Thursday, January 17, 2008

The Supremes sing in unison on this

This in from the Wall Street Journal's law blog.

Of course here in Texas going to law school nobody drilled into our head any notions about the court system in new York.

“Party conventions, with their attendant ‘smoke-filled rooms’ and domination by party leaders, have long been an accepted manner of selecting party candidates… While a state may determine it is not desirable and replace it, it is not unconstitutional.”

They’re not the funniest or most polarizing words to ever come from Justice Scalia’s pen, but they couldn’t be clearer. They come from his opinion, representing a unanimous Court, that came down earlier today, New York State Board of Elections v. Lopez-Torres. Here’s the opinion and the NYT’s take.

The decision overturned both a federal district judge in Brooklyn and the Second Circuit, each of which had shot down New York State’s unique judicial convention system for nominating State Supreme Court Justices*. Under the system, in order to win a party’s nomination to the ballot, a candidate must first get the approval of his or her political party.

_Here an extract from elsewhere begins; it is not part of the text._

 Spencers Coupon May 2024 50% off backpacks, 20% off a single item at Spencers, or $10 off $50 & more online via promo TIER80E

The Court today ruled that prohibiting use of the convention system violated the First Amendment rights of the Brooklyn Democratic Party. “A political party has a First Amendment right to limit its membership as it wishes, and to choose a candidate-selection process that will in its view produce the nominee who best represents its political platform,” Justice Scalia wrote.

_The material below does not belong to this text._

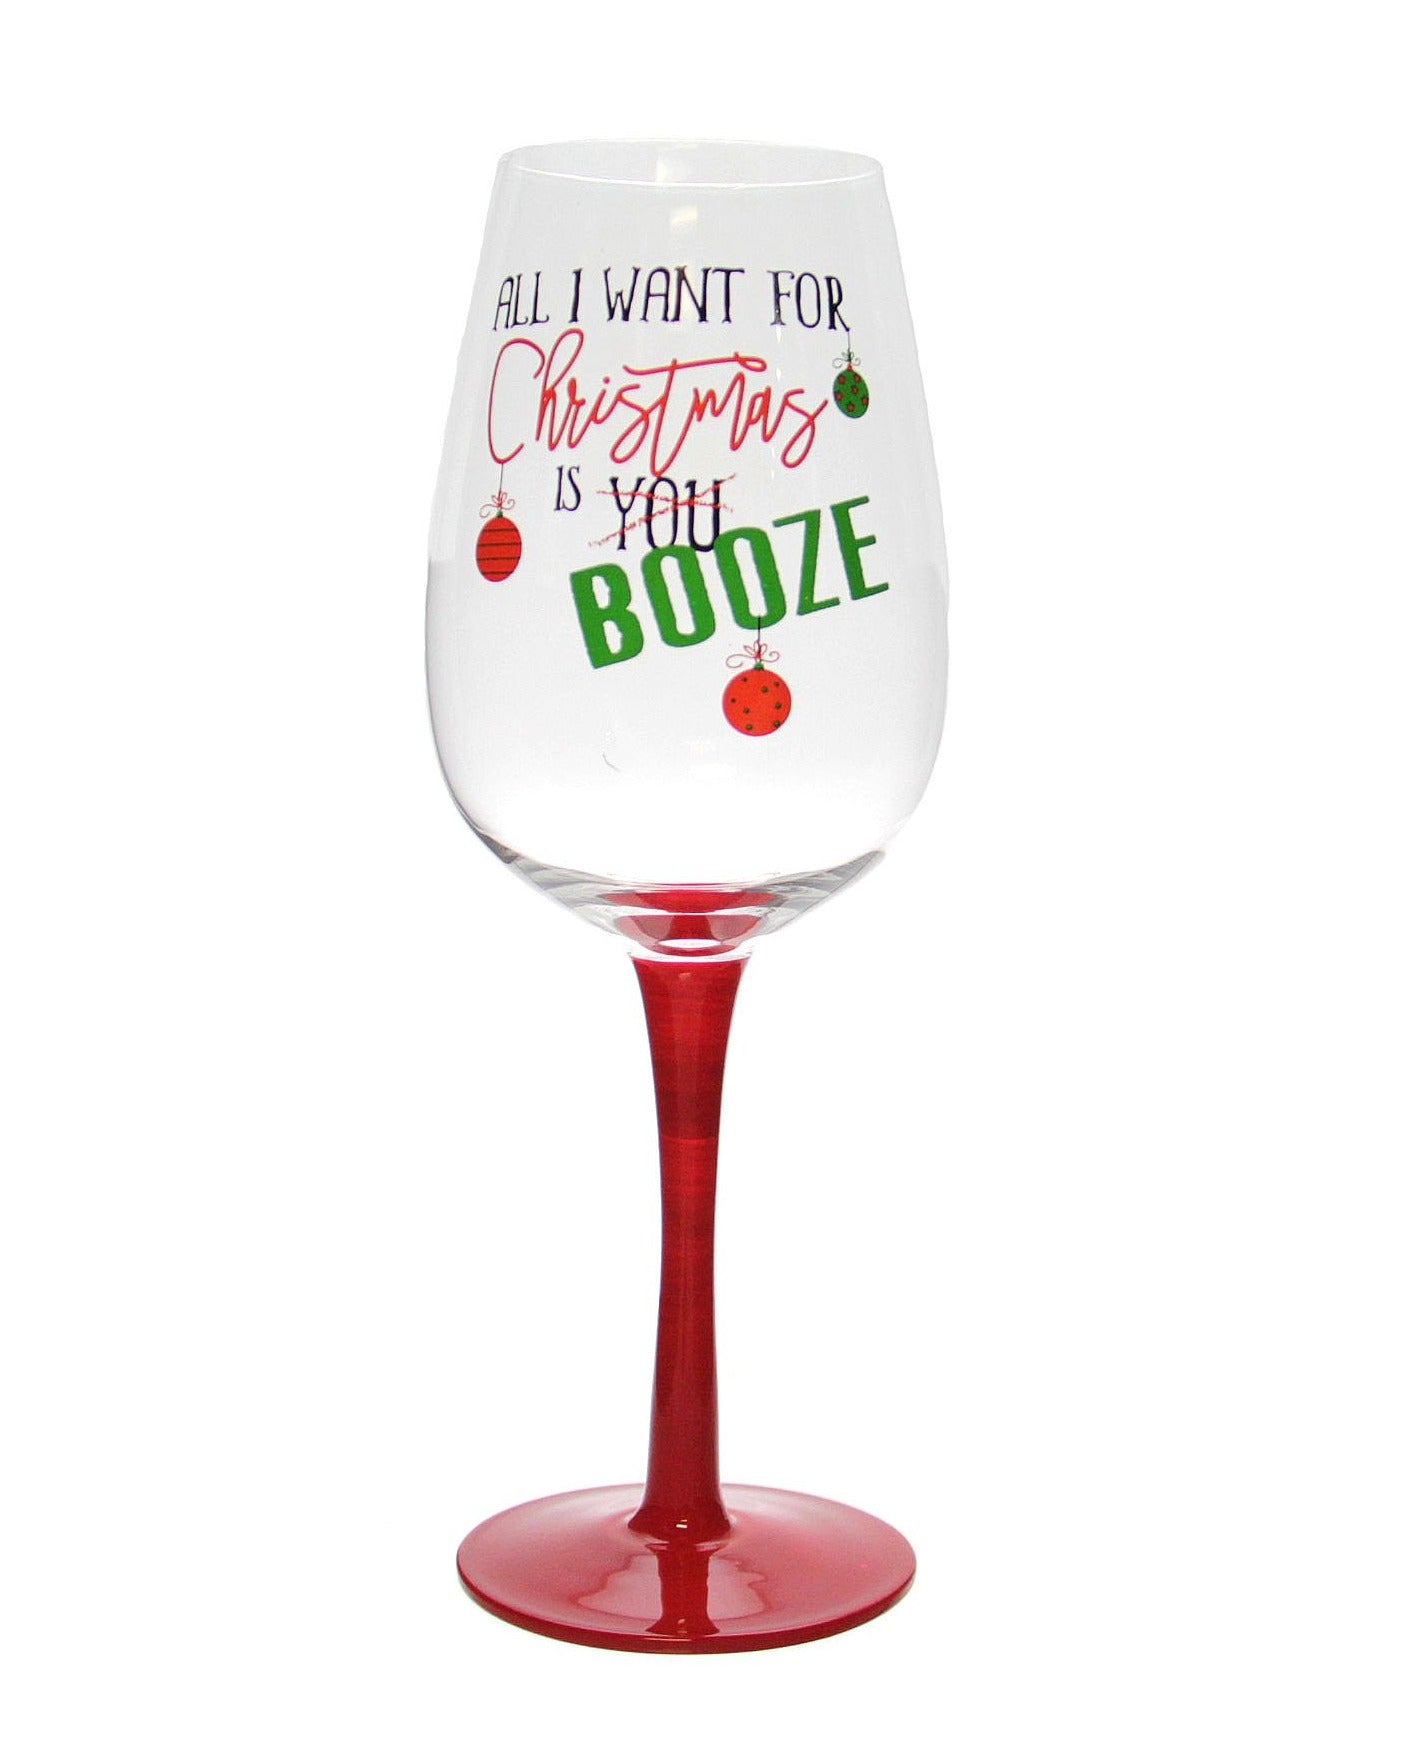 "All I Want For Christmas is Booze" Humorous Wine Glass

The justices rejected a lawsuit brought by Margarita Lopez Torres, a Brooklyn Surrogate Court judge who, as an elected Civil Court judge, tried unsuccessfully to get the Brooklyn Democratic Party’s backing to run for State Supreme Court.

Ted Olson at Gibson Dunn and Andrew Rossman at Akin Gump handled the argument for the Board of Elections. Retired Cravath partner F.A.O. Schwartz Jr. handled the argument for Lopez-Torres.

* We must had this explained to us a dozen times during our first week of law school (in Michigan), way back in 1993, that the highest court in New York is called the Court of Appeals, while trial courts go by the name Supreme Court. Before we knew the names of our professors or what a “tortfeasor” was, we had this little piece of (admittedly important) arcana drilled into our skulls.